Author Rebekah Lee Jenkins strikes a pose with her new book and members of her team. From left to right are Becky-JoFlucker, Tammi Amundsen, Rebekah Lee Jenkins, Ev Marshall, and mother Debi Jenkins.

By Cassandra Wehrhahn

Neepawa Banner & Press

A self-publishing Souris author revisited Neepawa’s Margaret Laurence Home last week Thursday, Aug.23, for the launch of her newest book “Hope in Oakland”. The author, Rebekah Lee Jenkins, was the Margaret Laurence Home’s very first “writer in residence” just a year prior.

While in residence, Jenkins wrote the first draft of the newly released book. Jenkins is known for writing strong female characters, and writes primarily for her nieces. Rrain Prior, a board member for the Margaret Laurence Home, extended a warm welcome, stating “we [the board] are very delighted to have her back.”

Big honour

“I was very shocked when I got the invitation to come back,” relayed Jenkins, who commented on her return. “It’s a really big honour to be here.”

Jenkins’ book, Hope in Oakland, is the first of a historical fiction trilogy that uses real pieces of Canadian and Manitoban history from the 1920s, and is set in 1904. The Souris author drew inspiration from Canada’s first female lawyer, Clara Brett Martin, for main character Cora Rood who is a lawyer and prominent suffragette in the novel. Priscilla, a character who is also in the series, is based on a real woman from the past, and uses true transcripts from her divorce. Hope in Oakland can be summarized as “women of the past fighting injustice”. This installment follows the release of the series’ second part, “The Night They Came for Til”, which was written first.

“I did it wrong,” Jenkins commented with a hearty laugh. “I wrote The Night They Came for Til and I said, that’s it. I just wanted to write this one book for my niece! And then people liked it!”

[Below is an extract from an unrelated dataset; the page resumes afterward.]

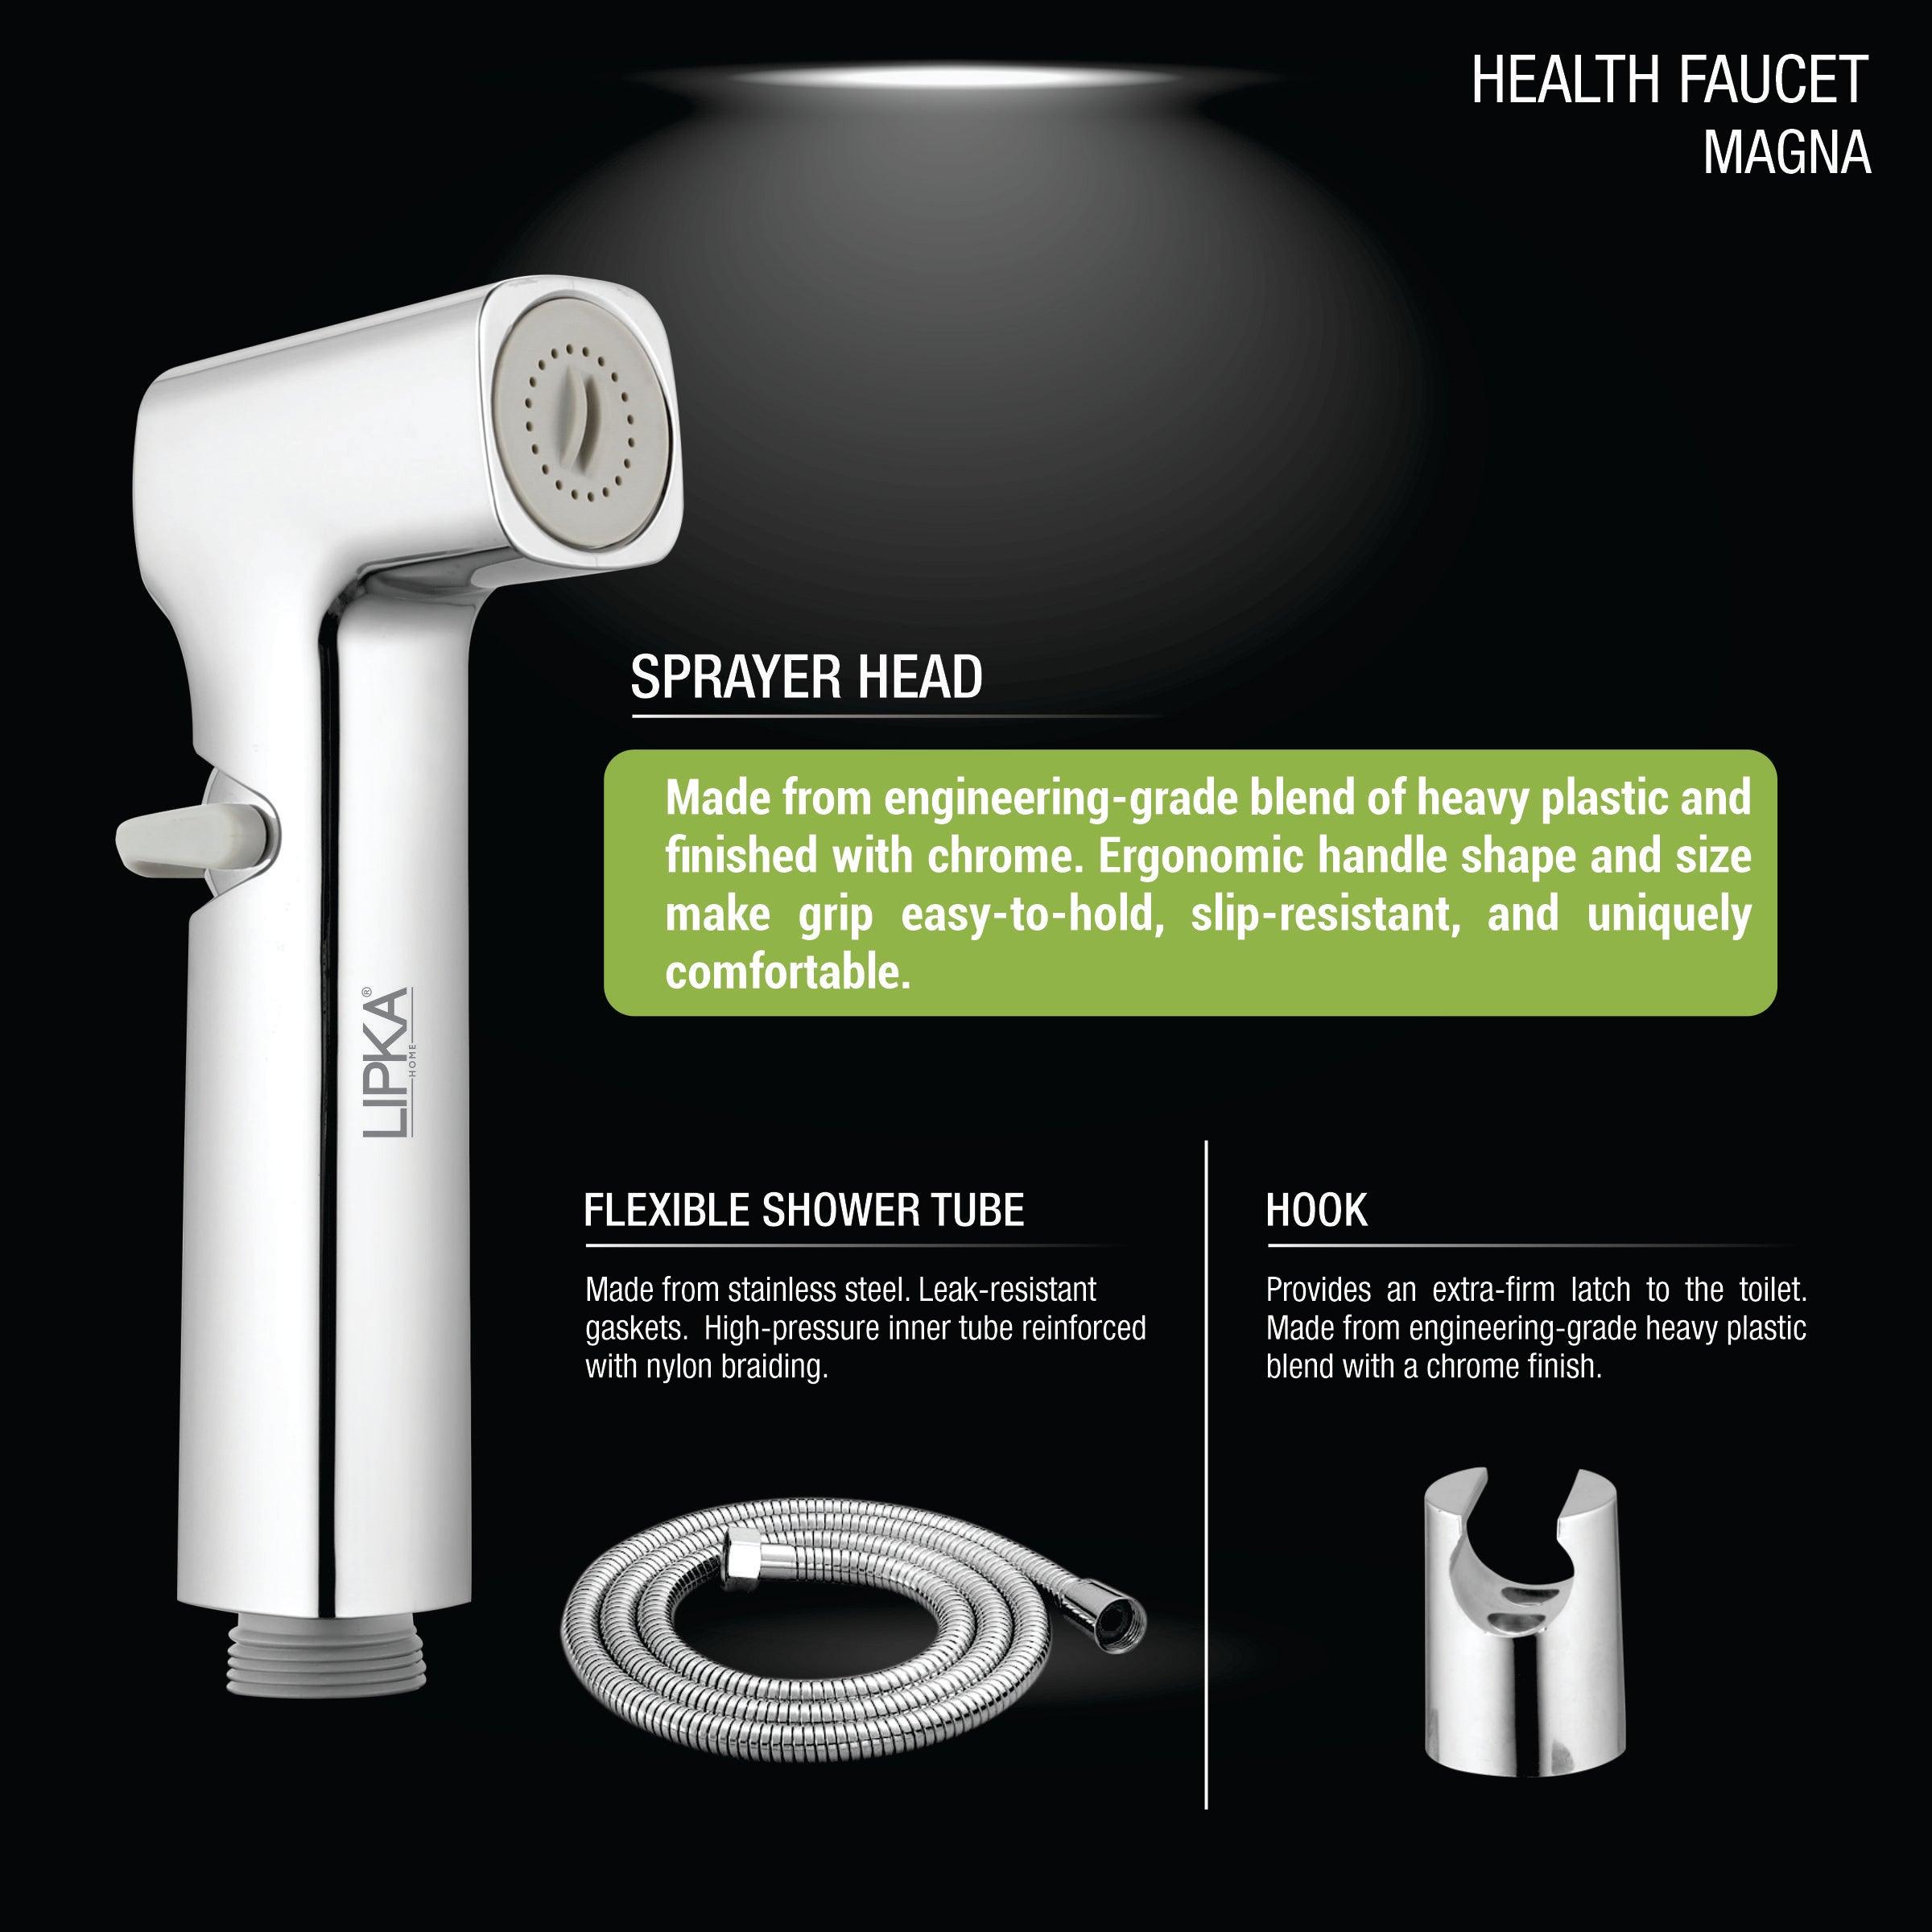 Magna Health Faucet (Complete Set) product description

Jenkins assured people that they could read the novels in whichever order they wished, but encouraged to read Hope in Oakland first if they haven’t read anything yet. She also stressed that the books are clean, meaning they can be enjoyed by people of many ages.

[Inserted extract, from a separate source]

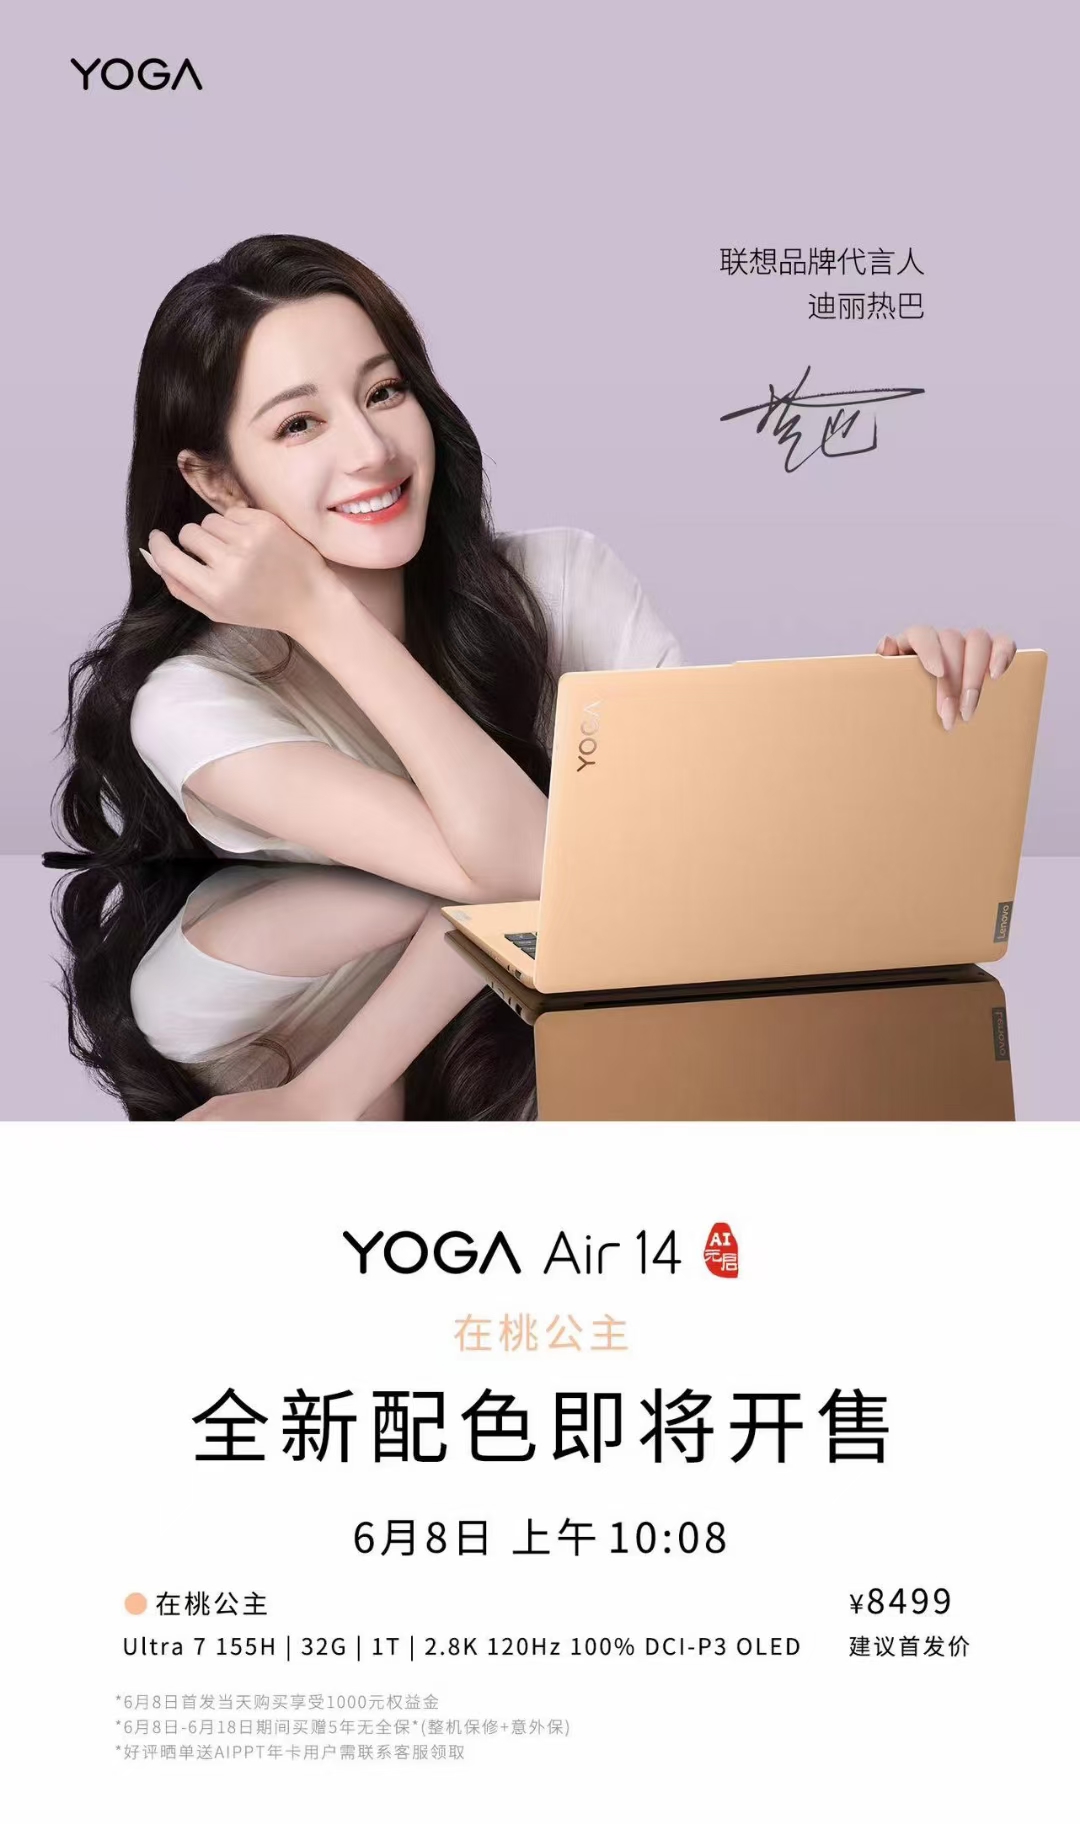 8499 元：联想 YOGA Air 14 新增“在桃公主”配色，6 月 8 日开售

Delving into stories of her research for Hope in Oakland, and the other installments of the series, Jenkins shared her thoughts on her findings.

Divorce laws unfair

“Until 1925, men could divorce women based on adultery alone. He retained rights to children and money,” said Jenkins.  “So at the end of the divorce she would be left with no children and no money. By contrast, a woman who sought divorce had to prove both adultery and abuse. No matter who was at fault, men retained rights to children, money, and property. Women were left ashamed, destitute, and in many instances they never really saw their children again.”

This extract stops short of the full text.